ValueError – if the batch size is not a multiple of the minibatch size.

abstract logits_expert_is_high(state, action, next_state, done, log_policy_act_prob=None)[source]#

Compute the discriminator’s logits for each state-action sample.

A high value corresponds to predicting expert, and a low value corresponds to predicting generator.

Parameters

state (Tensor) – state at time t, of shape (batch_size,) + state_shape.
action (Tensor) – action taken at time t, of shape (batch_size,) + action_shape.
next_state (Tensor) – state at time t+1, of shape (batch_size,) + state_shape.
done (Tensor) – binary episode completion flag after action at time t, of shape (batch_size,).
log_policy_act_prob (Optional[Tensor]) – log probability of generator policy taking action at time t.

Return type

Tensor

Returns

Discriminator logits of shape (batch_size,). A high output indicates an expert-like transition.

property policy: BasePolicy#

Returns a policy imitating the demonstration data.

Return type: BasePolicy

abstract property reward_test: RewardNet#

Reward used to train policy at “test” time after adversarial training.

Return type: RewardNet

abstract property reward_train: RewardNet#

Reward used to train generator policy.

Return type: RewardNet

set_demonstrations(demonstrations)[source]#

Sets the demonstration data.

Changing the demonstration data on-demand can be useful for interactive algorithms like DAgger.

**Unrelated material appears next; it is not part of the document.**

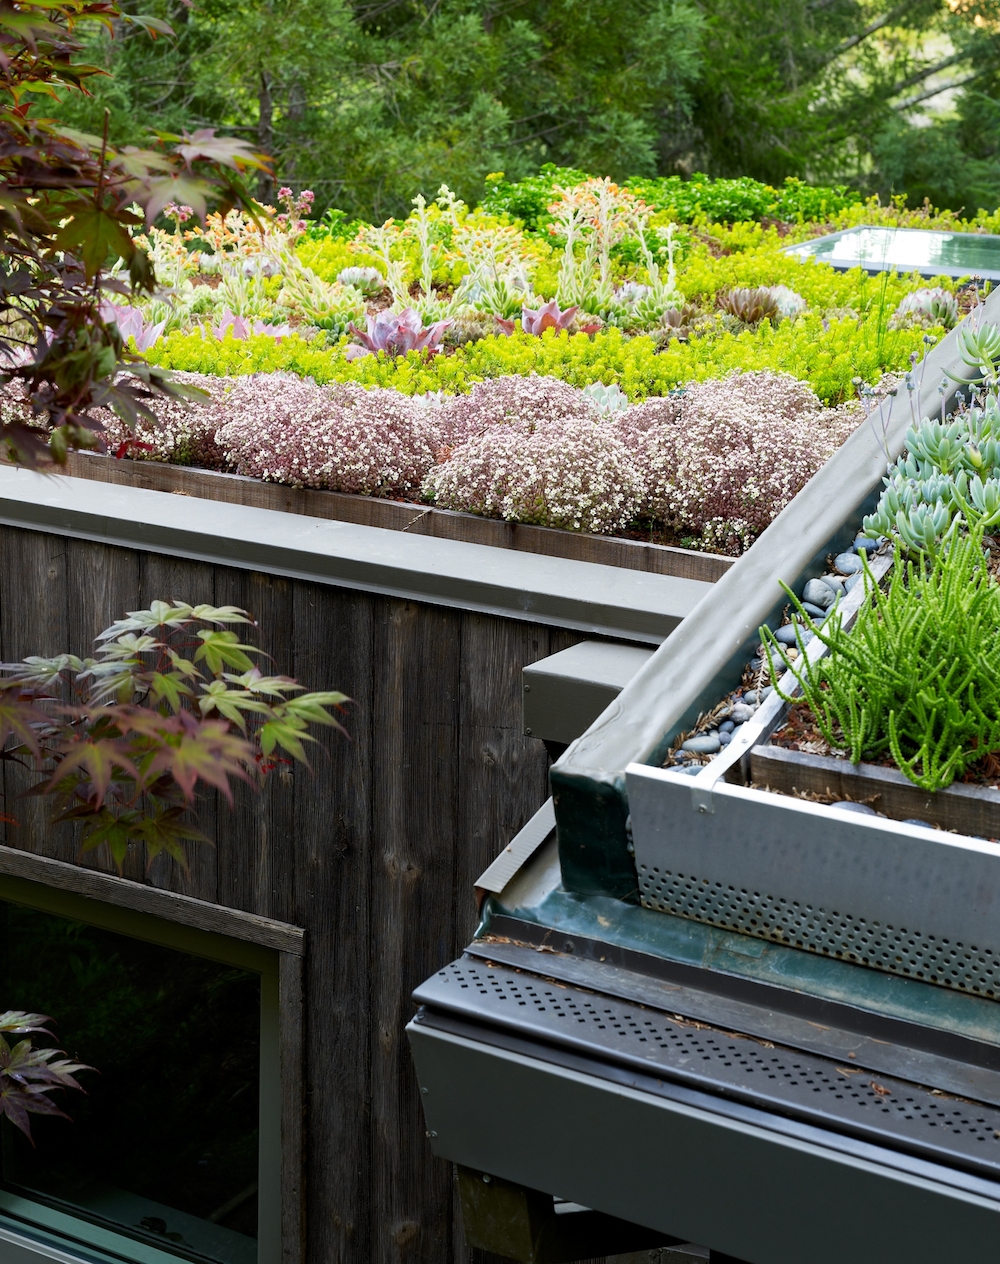 5 Examples of Living Green Roofs - Grass Turf and Succulent Sedums

Parameters: demonstrations (Union[Iterable[Trajectory], Iterable[TransitionMapping], TransitionsMinimal]) – Either a Torch DataLoader, any other iterator that yields dictionaries containing “obs” and “acts” Tensors or NumPy arrays, TransitionKind instance, or a Sequence of Trajectory objects.
Return type: None

train(total_timesteps, callback=None)[source]#

Alternates between training the generator and discriminator.

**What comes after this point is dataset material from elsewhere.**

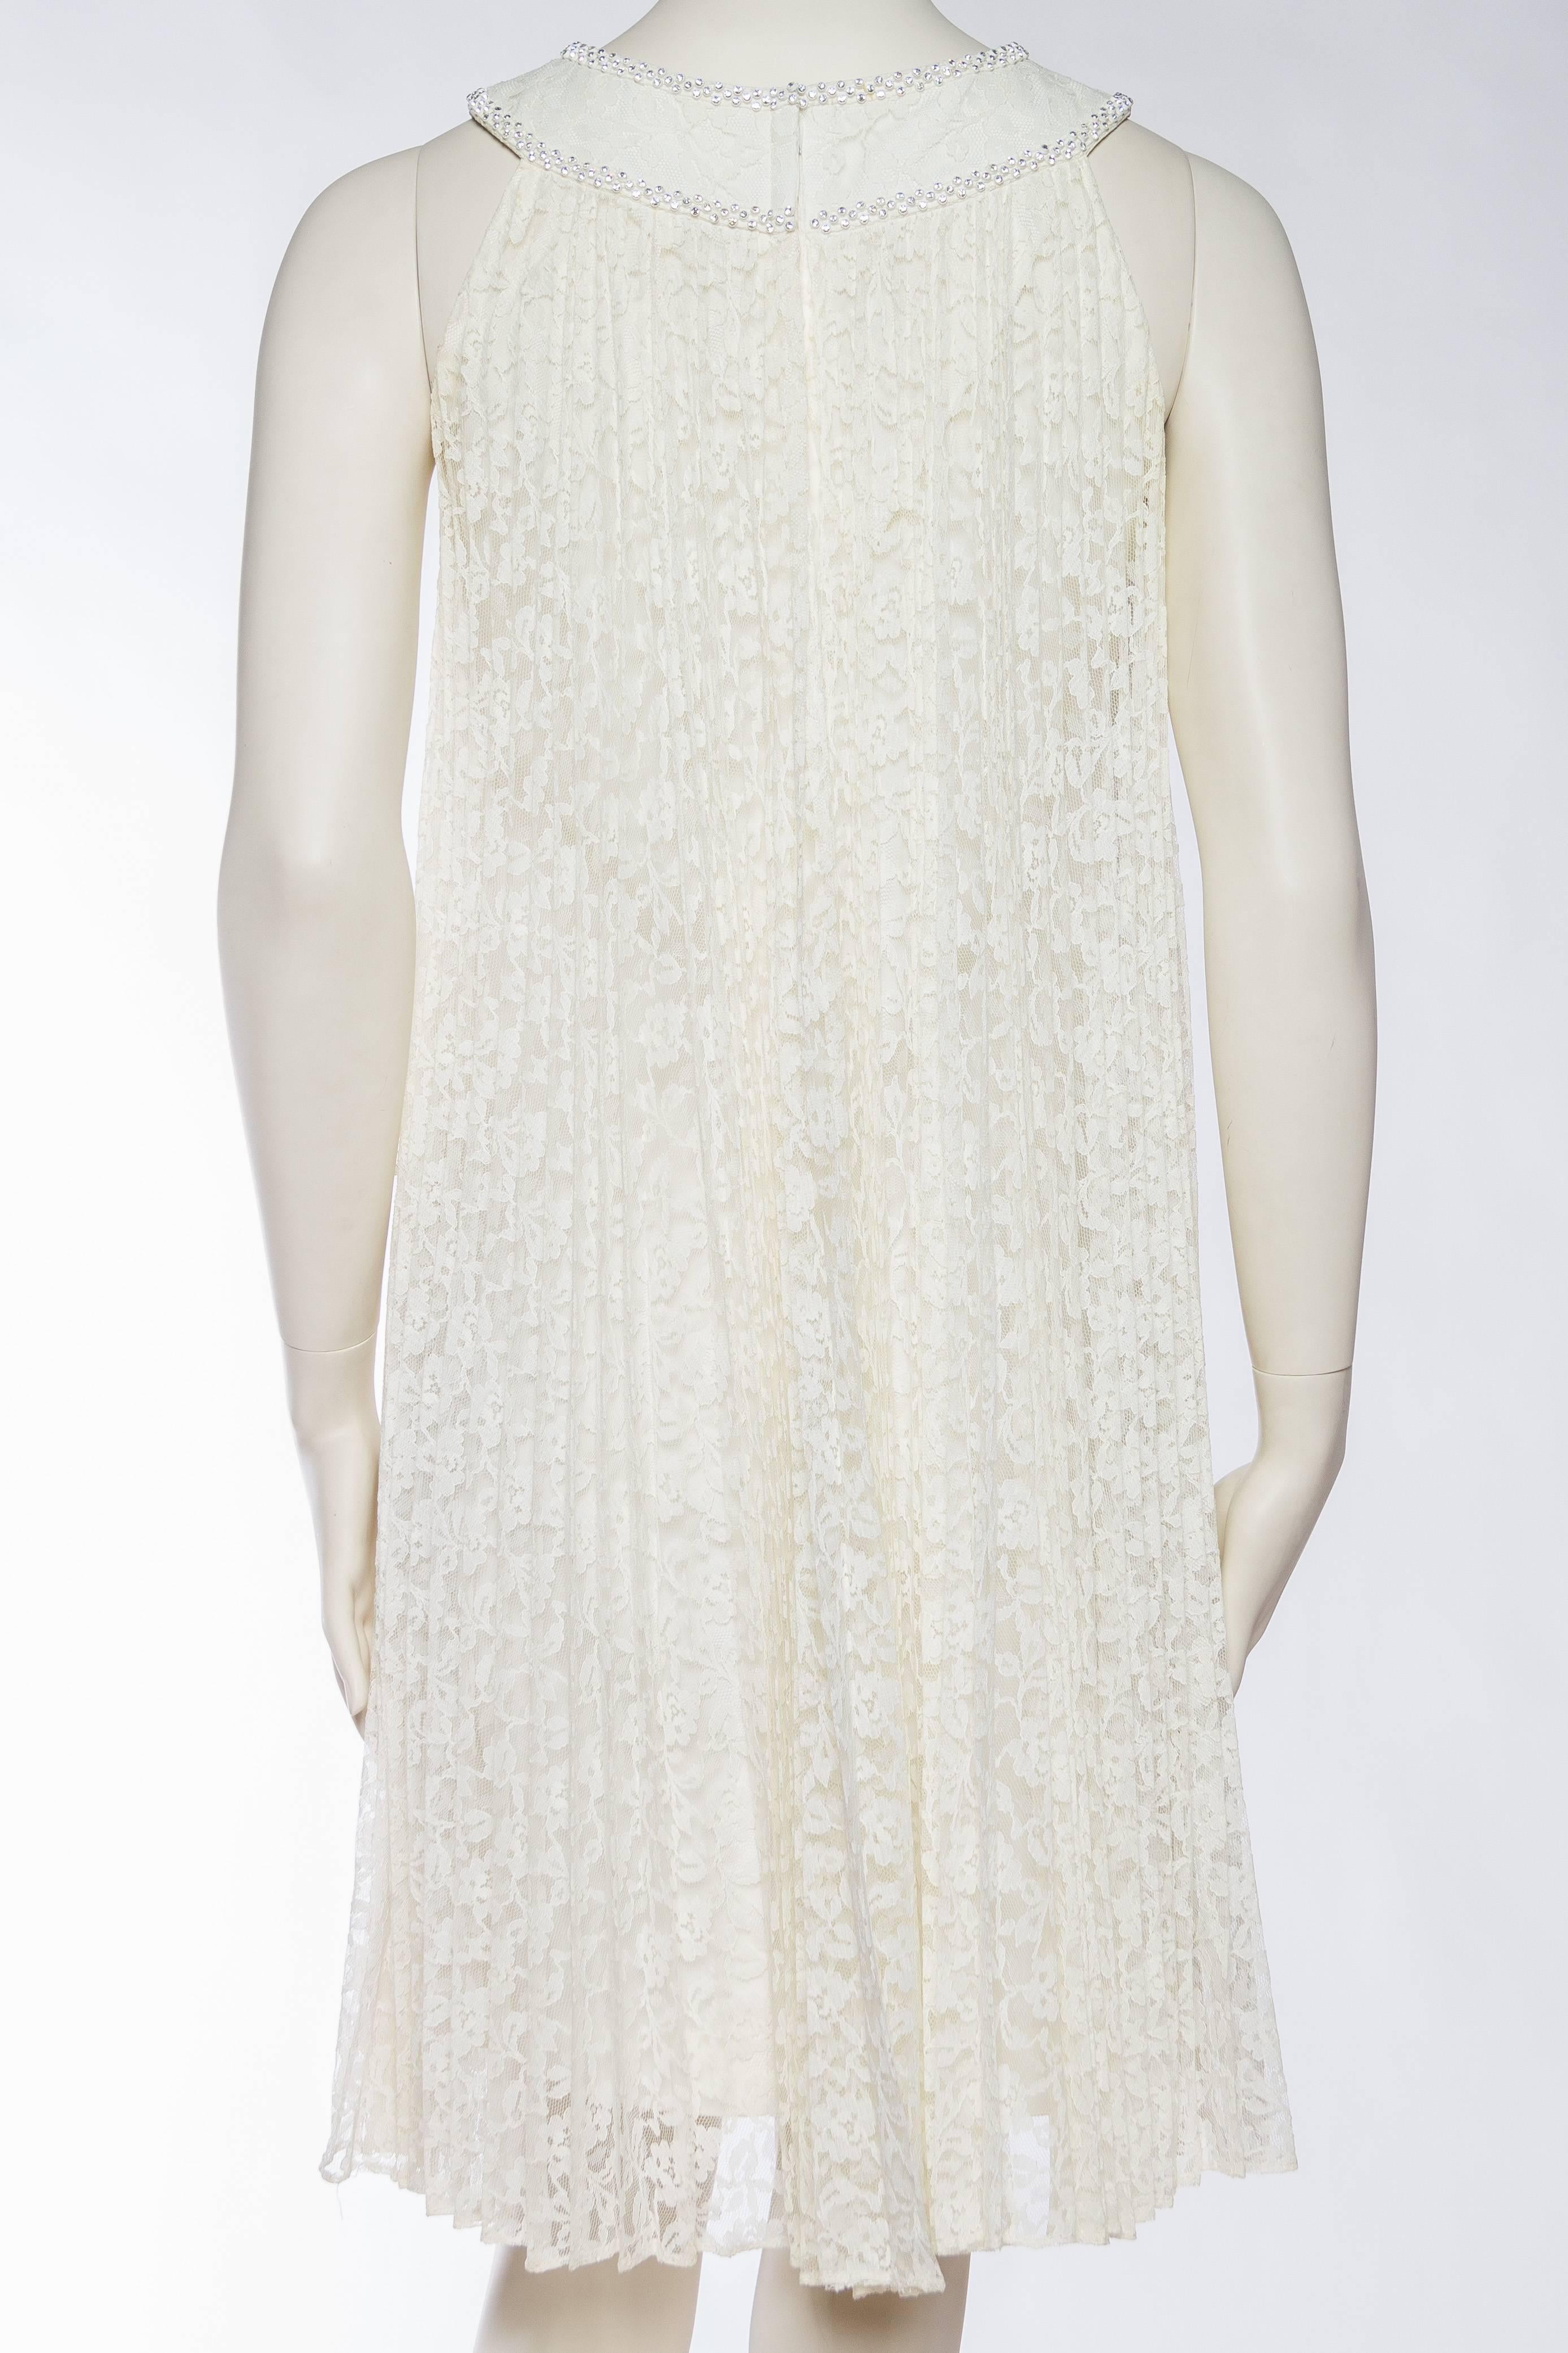 1960S White Pleated Rayon & Nylon Lace Mod Cocktail Dress With Crystal Neckline In Excellent Condition For Sale In New York, NY

Every “round” consists of a call to train_gen(self.gen_train_timesteps), a call to train_disc, and finally a call to callback(round).

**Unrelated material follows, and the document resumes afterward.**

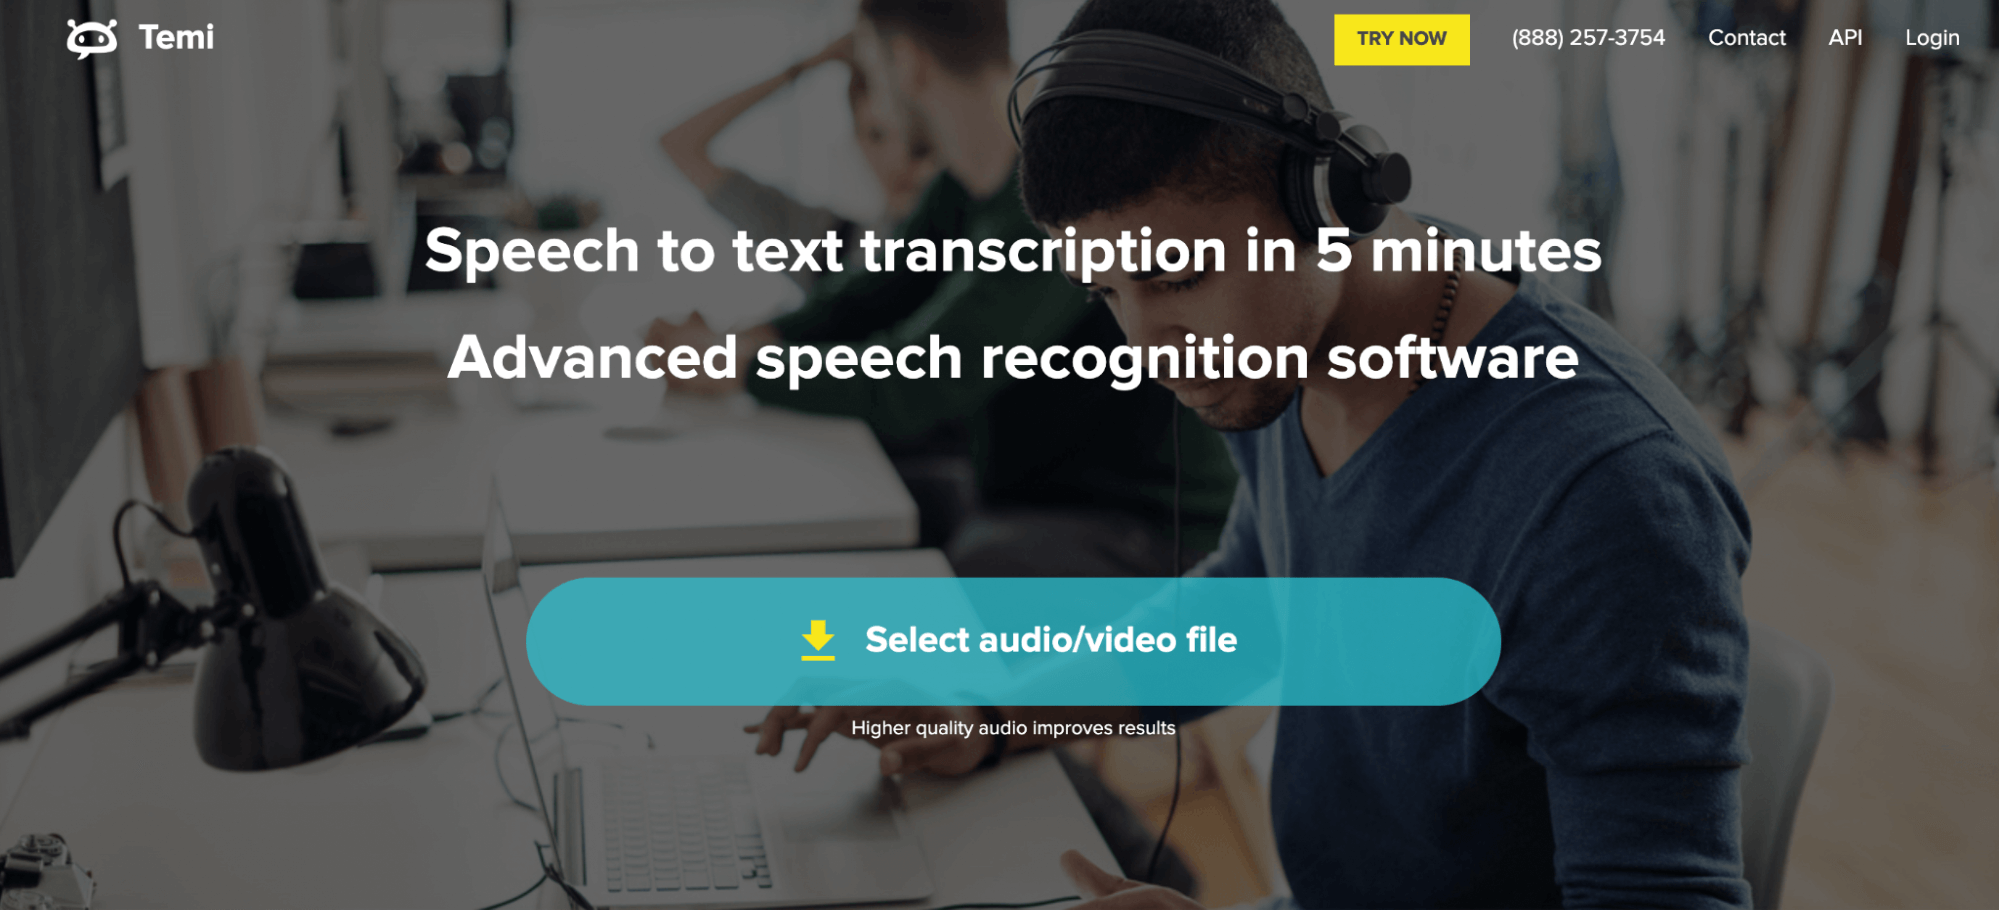 Temi best high quality transcription software solely for english

Training ends once an additional “round” would cause the number of transitions sampled from the environment to exceed total_timesteps.

Parameters

total_timesteps (int) – An upper bound on the number of transitions to sample from the environment during training.
callback (Optional[Callable[[int], None]]) – A function called at the end of every round which takes in a single argument, the round number. Round numbers are in range(total_timesteps // self.gen_train_timesteps).

Return type

None

train_disc(*, expert_samples=None, gen_samples=None)[source]#

Perform a single discriminator update, optionally using provided samples.

Parameters

expert_samples (Optional[Mapping]) – Transition samples from the expert in dictionary form. If provided, must contain keys corresponding to every field of the Transitions dataclass except “infos”. All corresponding values can be either NumPy arrays or Tensors. Extra keys are ignored. Must contain self.demo_batch_size samples. If this argument is not provided, then self.demo_batch_size expert samples from self.demo_data_loader are used by default.
gen_samples (Optional[Mapping]) – Transition samples from the generator policy in same dictionary form as expert_samples. If provided, must contain exactly self.demo_batch_size samples. If not provided, then take len(expert_samples) samples from the generator replay buffer.

Return type

Mapping[str, float]

Returns

Statistics for discriminator (e.g. loss, accuracy).

train_gen(total_timesteps=None, learn_kwargs=None)[source]#

Trains the generator to maximize the discriminator loss.

After the end of training populates the generator replay buffer (used in discriminator training) with self.disc_batch_size transitions.

Parameters

total_timesteps (Optional[int]) – The number of transitions to sample from self.venv_train during training. By default, self.gen_train_timesteps.
learn_kwargs (Optional[Mapping]) – kwargs for the Stable Baselines RLModel.learn() method.

Return type

None

venv: VecEnv#: The original vectorized environment.

venv_train: VecEnv#

Like self.venv, but wrapped with train reward unless in debug mode.

If debug_use_ground_truth=True was passed into the initializer then self.venv_train is the same as self.venv.

venv_wrapped: VecEnvWrapper#

imitation.algorithms.adversarial.common.compute_train_stats(disc_logits_expert_is_high, labels_expert_is_one, disc_loss)[source]#

Train statistics for GAIL/AIRL discriminator.

Parameters

disc_logits_expert_is_high (Tensor) – discriminator logits produced by AdversarialTrainer.logits_expert_is_high.
labels_expert_is_one (Tensor) – integer labels describing whether logit was for an expert (0) or generator (1) sample.
disc_loss (Tensor) – final discriminator loss.

Return type

Mapping[str, float]

Returns

A mapping from statistic names to float values.